** Material provided follows **

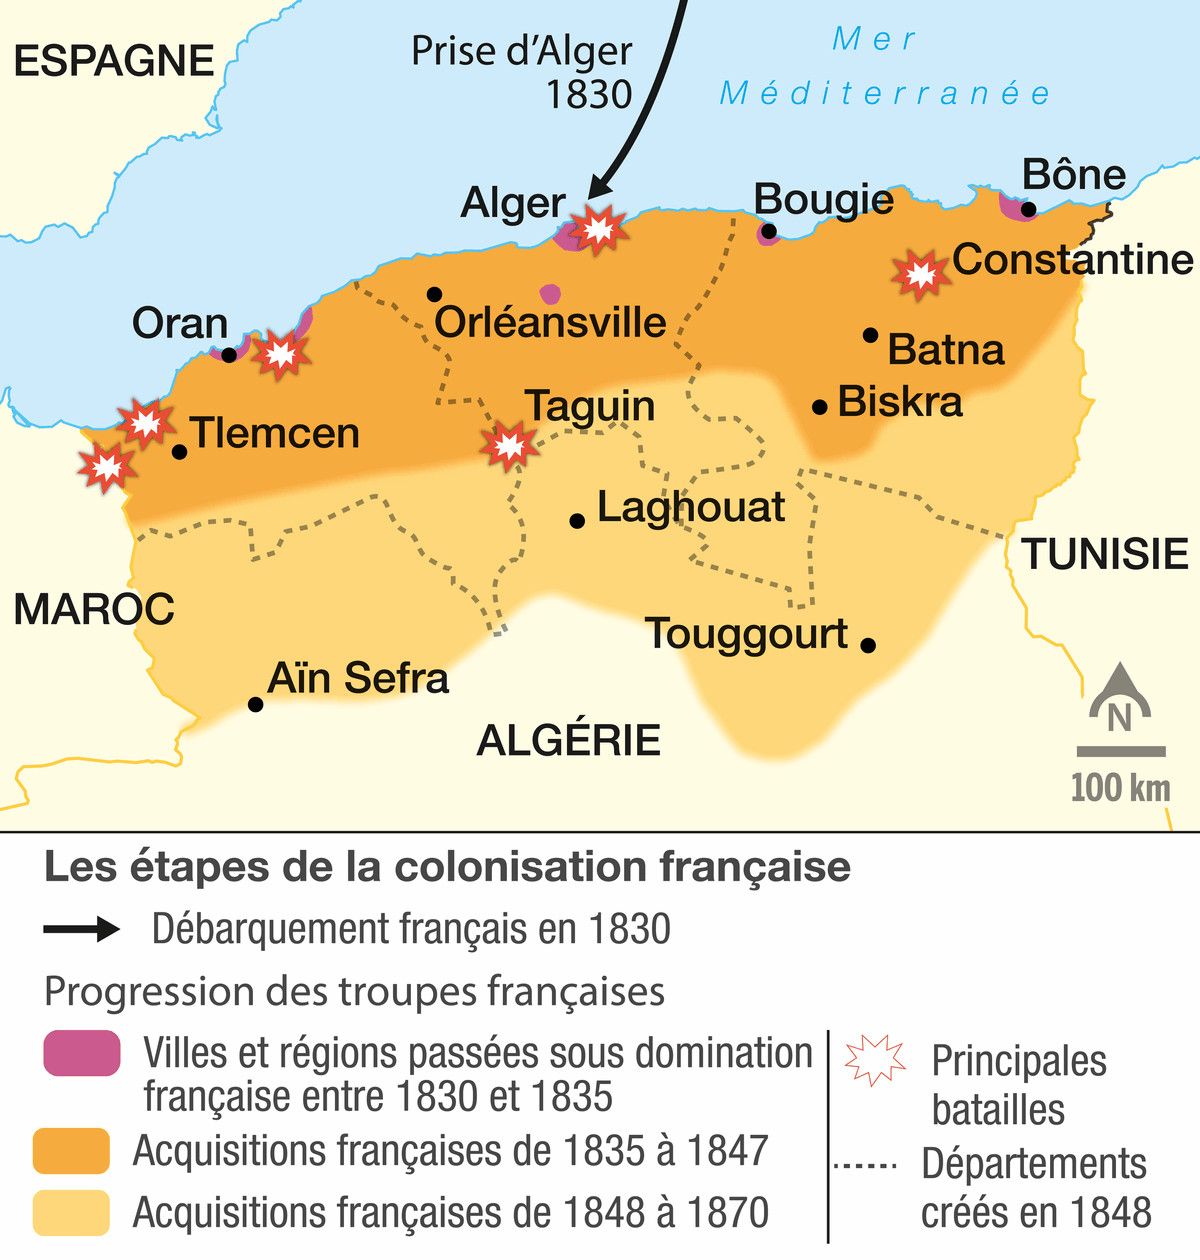 Les étapes de la conquête de l'Algérie
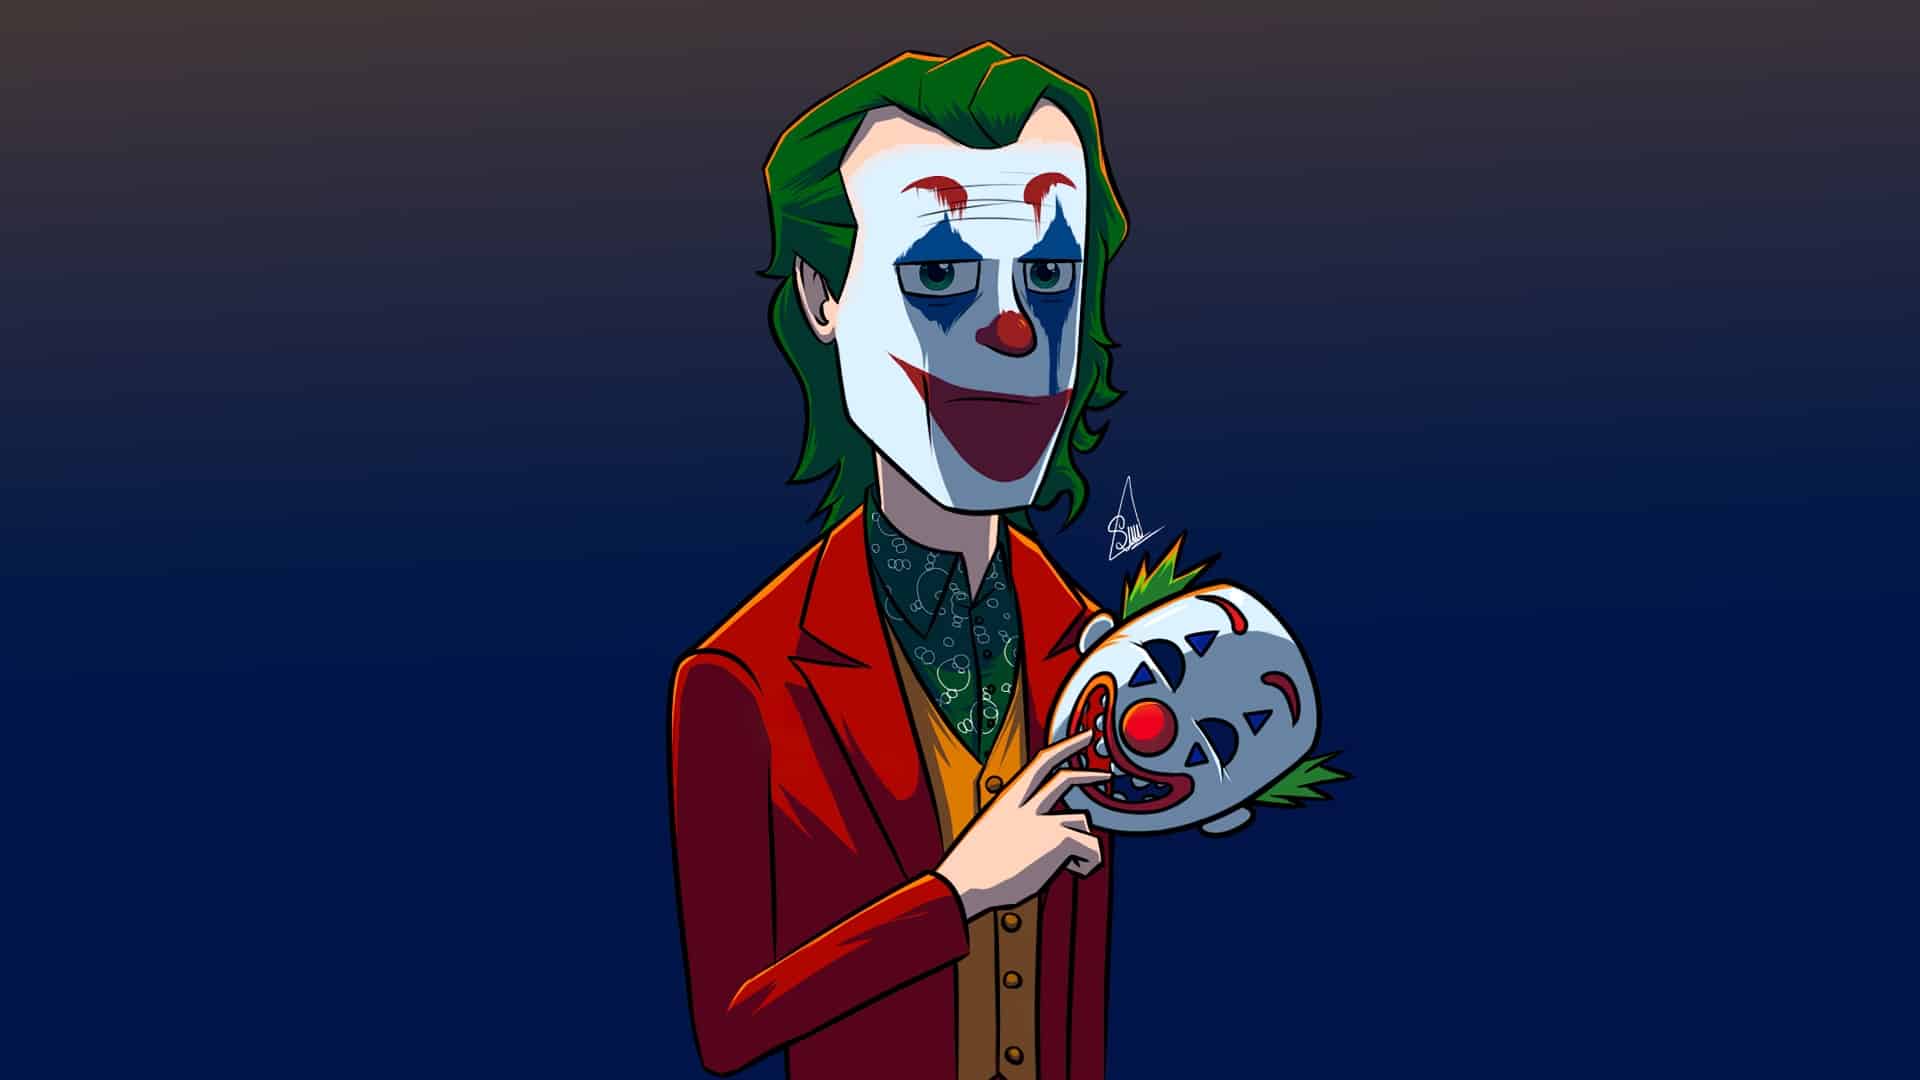 Ảnh vẽ Joker ngầu và hài hước.
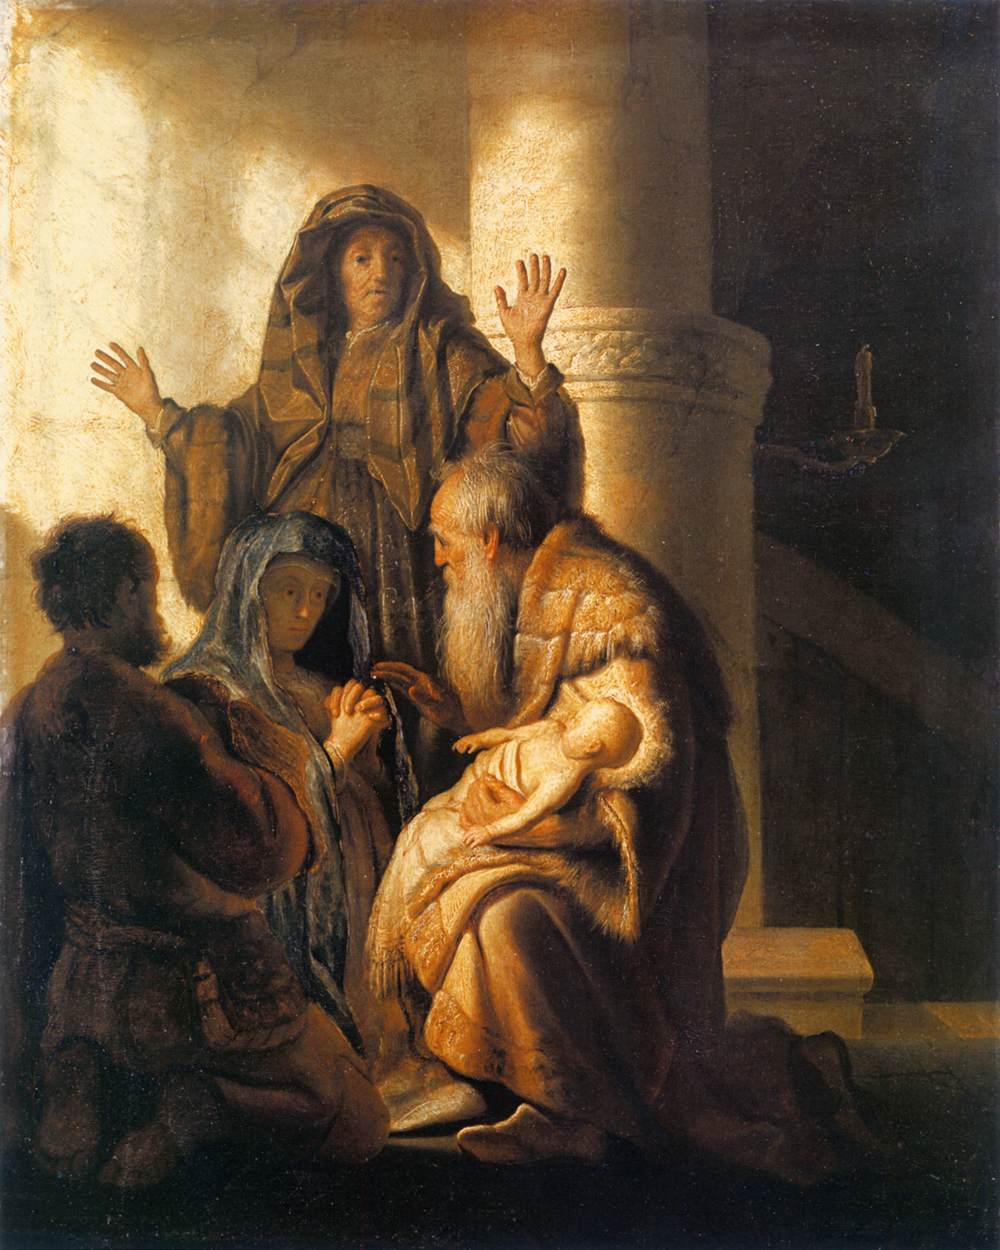 Simeon og Ana anerkender Herren i Jesus
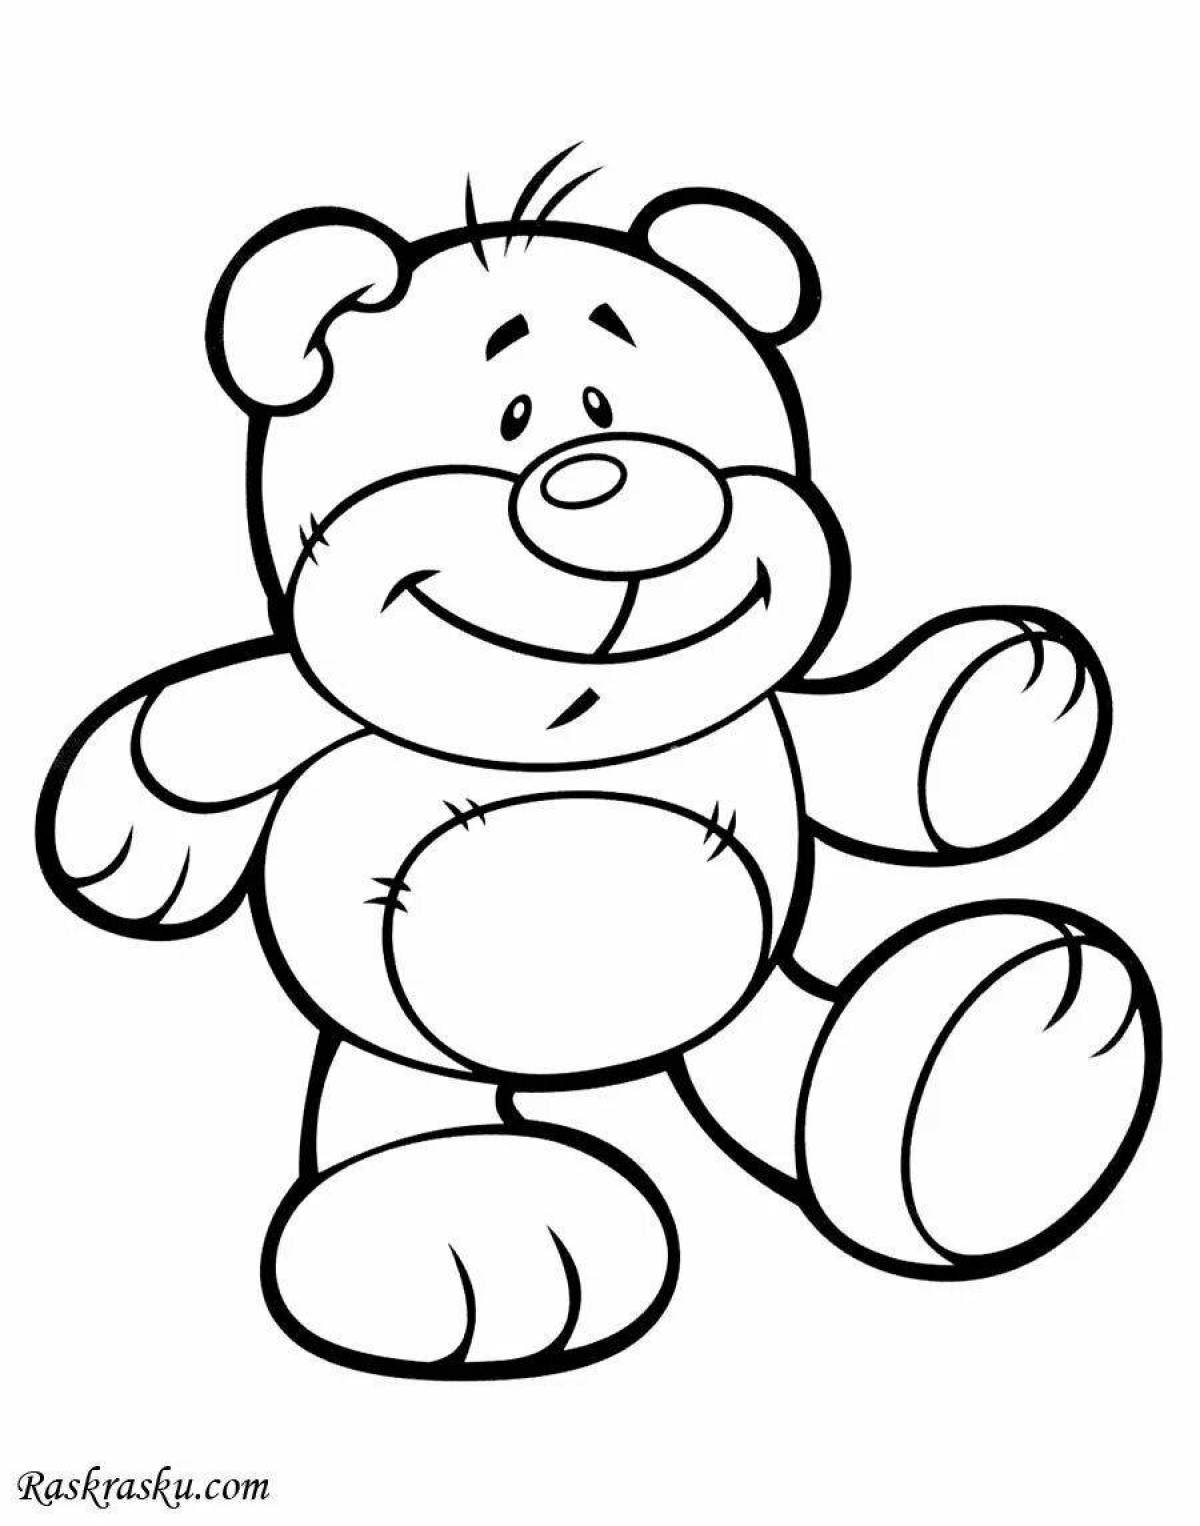 Coloring page happy teddy bear

** End of Material provided **

▸ **What needs to be done**: Output the material above word for word. Leave out its images.

▸ **Exercise result**:
 Les étapes de la conquête de l'Algérie
 Ảnh vẽ Joker ngầu và hài hước.
 Simeon og Ana anerkender Herren i Jesus
 Coloring page happy teddy bear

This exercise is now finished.